Astrobites | 2018 May 23
Vatsal Panwar wrote:
Transmission spectroscopy is the most commonly used method to characterize the atmospheres of transiting exoplanets that have been discovered to date. The method is seemingly straightforward: photons from the host star passing through the limb of its transiting exoplanet are absorbed or transmitted by the planetary atmosphere to a varying extent in different wavelengths, which should appear as a variation in observed radius of the exoplanet with respect to wavelength. This variation in transit radius with wavelength, known as transmission spectrum, can then be interpreted by adopting either a forward or inverse modeling approach. This means that you can either start with a set of assumptions for the atmospheric properties (like chemical abundances, cloud properties etc.) and construct a physical model that can be fit to the data, or try solving the inverse problem (also known as retrieval) and infer the atmospheric properties from the measured transmission spectra itself.

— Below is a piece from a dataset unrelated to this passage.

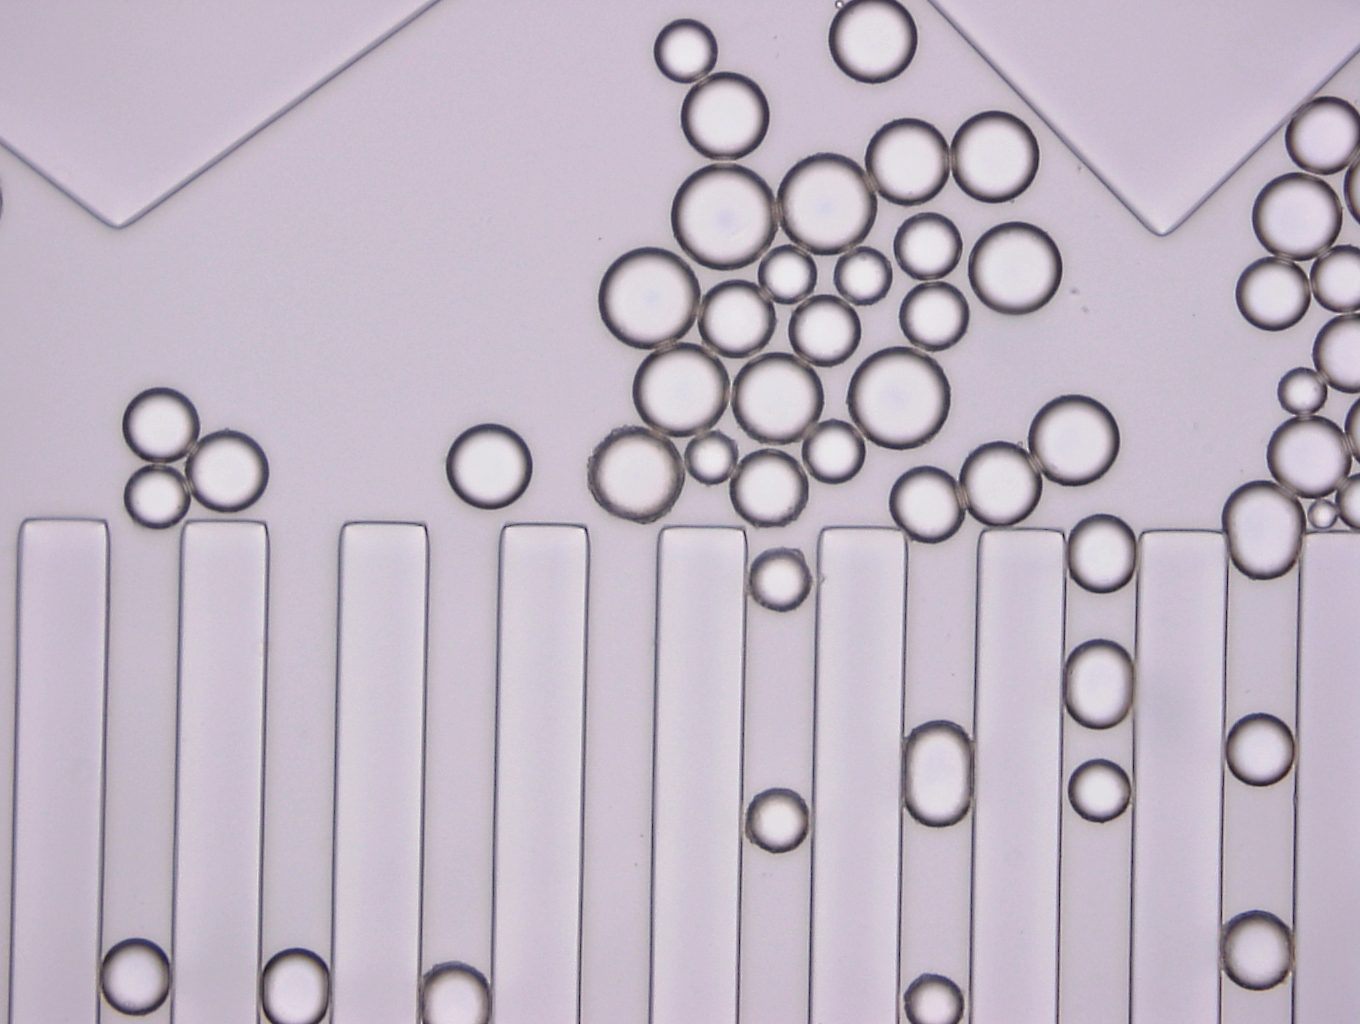 In the figure below vesicles are led into a grid by funnel shaped structures in the flow chamber (top).

However, there is a good deal of subtlety behind both approaches of constructing theoretical models for transiting exoplanet atmospheres. Today’s paper traces the assumptions and caveats involved in constructing models for observations taken by the Wide Field Camera 3 (WFC3) on the Hubble Space Telescope. In addition to deriving a validated semi-analytical approach from first principles for calculating the transmission spectra in the context of WFC3 observations, authors of today’s paper uncover a crucial and unresolved degeneracy involved in fitting a model to the transmission spectra. ...
The theory of transmission spectra revisited: a semi-analytical method for
interpreting WFC3 data and an unresolved challenge - Kevin Heng, Daniel Kitzmann
- Monthly Notices of the RAS 470(3):2972 (2017 Sep) DOI: 10.1093/mnras/stx1453
arXiv.org > astro-ph > arXiv:1702.02051 > 07 Feb 2017 (v1), 08 Jun 2017 (v2)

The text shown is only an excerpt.